Delirio woke
Strage di clochard a New York: il sindaco Mamdani ne ha lasciati congelare 18 nel nome del “politicamente corretto”
"Non potevo forzarli a mettersi al riparo", ha sostenuto il primo cittadino. I suoi predecessori provvedevano a metterli in sicurezza con le maniere forti, lui ha si è affidato al libero arbitrio dei clochard
Le temperature artiche di New York hanno fatto una strage di clochard come mai negli ultimi anni e i cittadini hanno trovato il principale responsabile: il sindaco Zohran Mamdani. Il caritatevole sindaco ultraprogressista, per la prima volta, nel nome dell’ortodossia politicamente corretta ha evitato di trasportare di peso i barboni in strutture riparate. Diciotto persone sono morte, quindici delle quali letteralmente congelate.
Il nuovo sindaco Mamdani aveva rivendicato la linea morbida sulla gestione dei senzatetto e degli accampamenti urbani. Un approccio più cauto, con l’assistenza su base volontaria. Una linea umana nelle intenzioni, ma che nei fatti ha provocato una strage senza precedenti. Nel suo delirio “politicamente corretto” Mamdani ha scelto di lasciare la libertà ai clochard newyorkesi di morire congelati piuttosto che di venire salvati contro la loro volontà.
La bufera ora è sul sindaco Mamdani
Il sindaco Mamdani, con un tono oscillante tra il messianico e l’implorante, ha dichiarato di aver “implorato” i senzatetto di mettersi al riparo. È un’immagine commovente: New York, la metropoli che non dorme mai, trasformata in un palcoscenico dove operatori municipali tentano di convincere persone in stato di ipotermia o crisi psicotica usando la sottile arte della persuasione gentile. Secondo Mamdani, il ricovero forzato deve essere l’ultima spiaggia. A quanto pare, la “penultima spiaggia” è invece lasciare che il sangue di un essere umano diventi granita su un marciapiede della Broadway.
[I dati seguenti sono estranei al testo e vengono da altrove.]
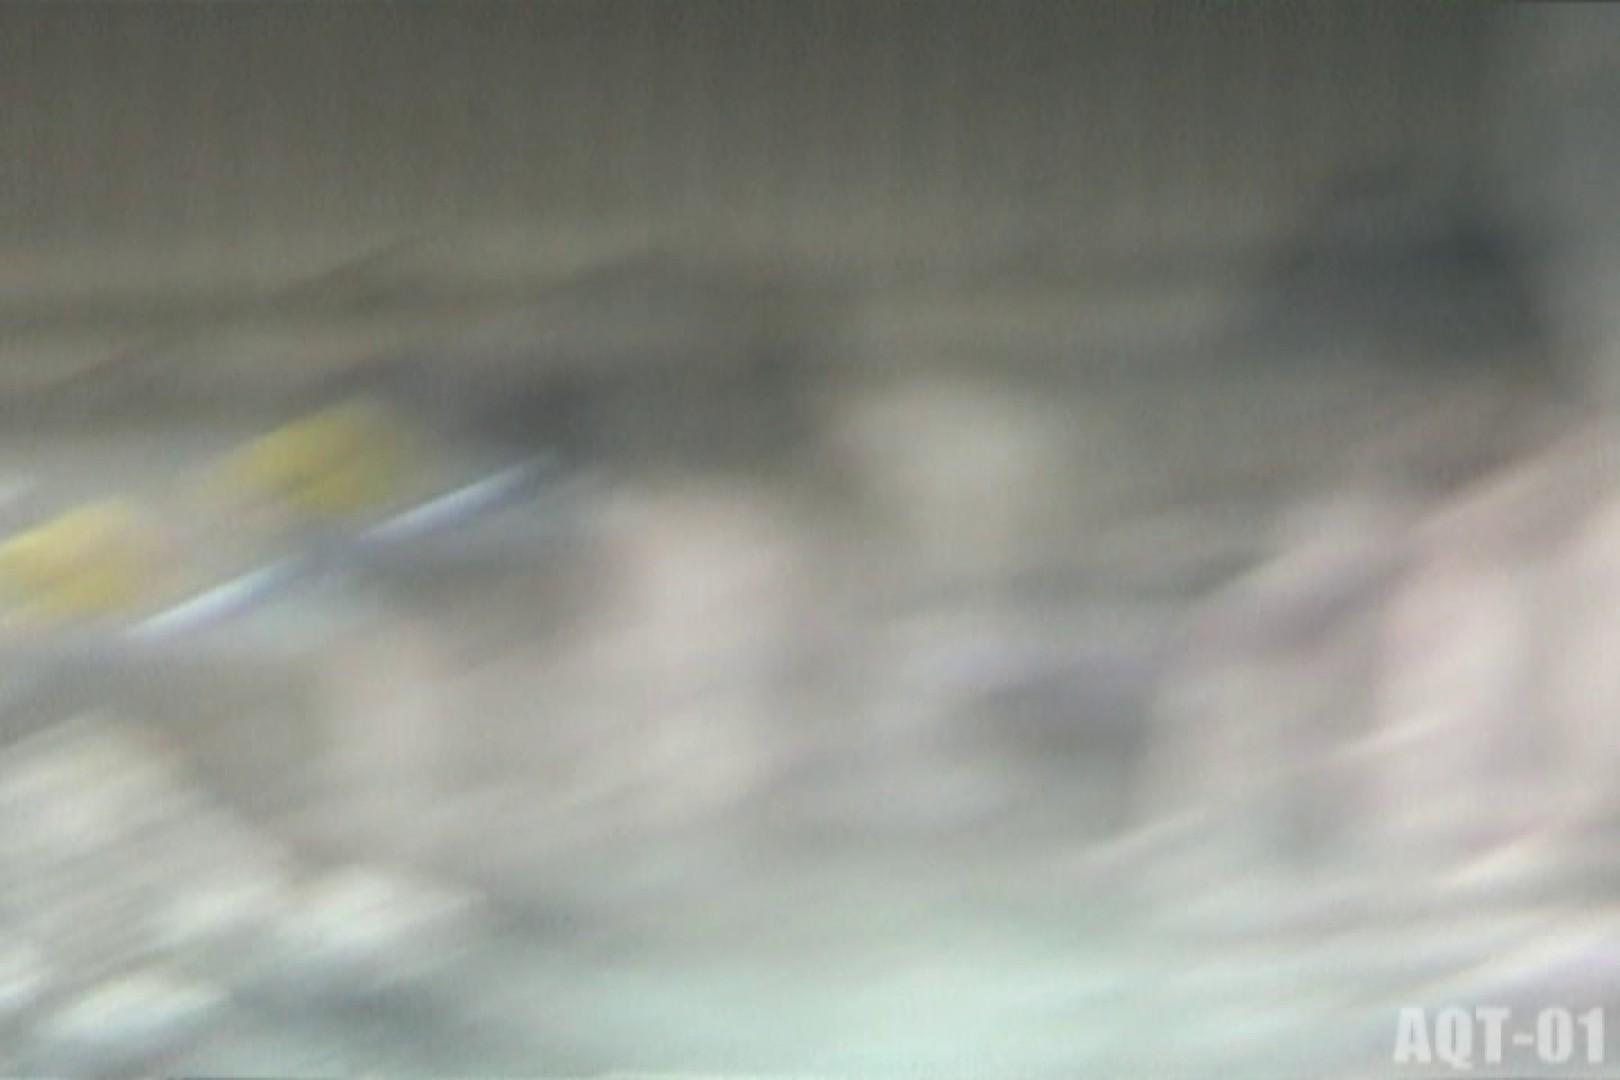 Aquaな露天風呂Vol.718 OLのエロ生活  44連発 15
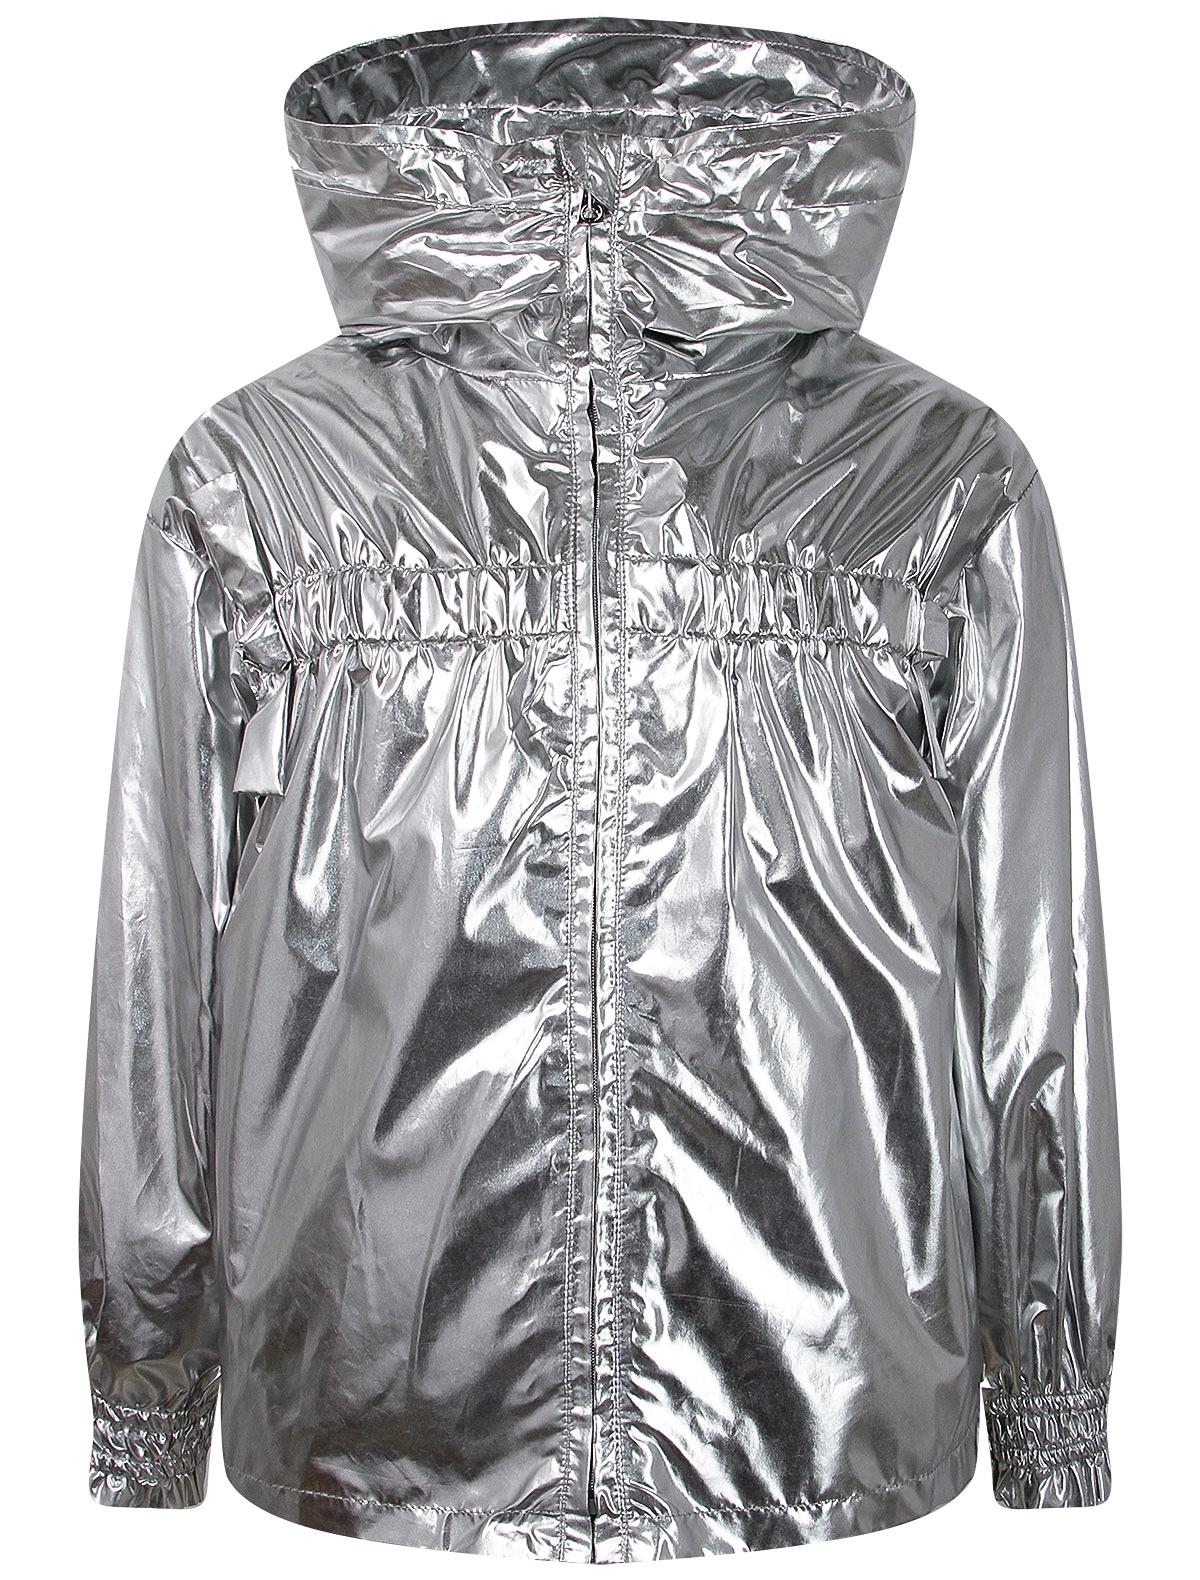 Купить 2292637, Куртка Mayoral, разноцветный, Женский, 1074509171508

Gli altri sindaci di New York usavano le maniere forti
Mamdani continua a recitare la parte del prigioniero della burocrazia, sostenendo che la legge non gli dà facoltà di agire d’imperio. È un peccato che la realtà – quella noiosa cosa fatta di codici e decreti – lo smentisca categoricamente. La stampa repubblicana gli ha ricordato che la legge permette l’intervento quando una persona non è in grado di comprendere i propri bisogni primari in situazioni di pericolo reale. E cosa c’è di più emergenziale e pericoloso dell’’allerta massima con temperature polari?
Il New York Post sottolinea come le percentuali delle telefonate al 911 sono un capolavoro di surrealismo amministrativo: il 96% delle chiamate per segnalare senzatetto al gelo si è risolto in un nulla di fatto. Nel 72% dei casi, le squadre di soccorso non sono nemmeno riuscite a trovare la persona segnalata.
Mentre i Repubblicani chiedono un’indagine indipendente, Mamdani fa spallucce. Per la sinistra radicale che lo sostiene, forzare qualcuno a non morire assiderato è probabilmente visto come un atto di micro-aggressione colonialista. Il risultato di questa “compassione” estrema? Diciotto morti congelati.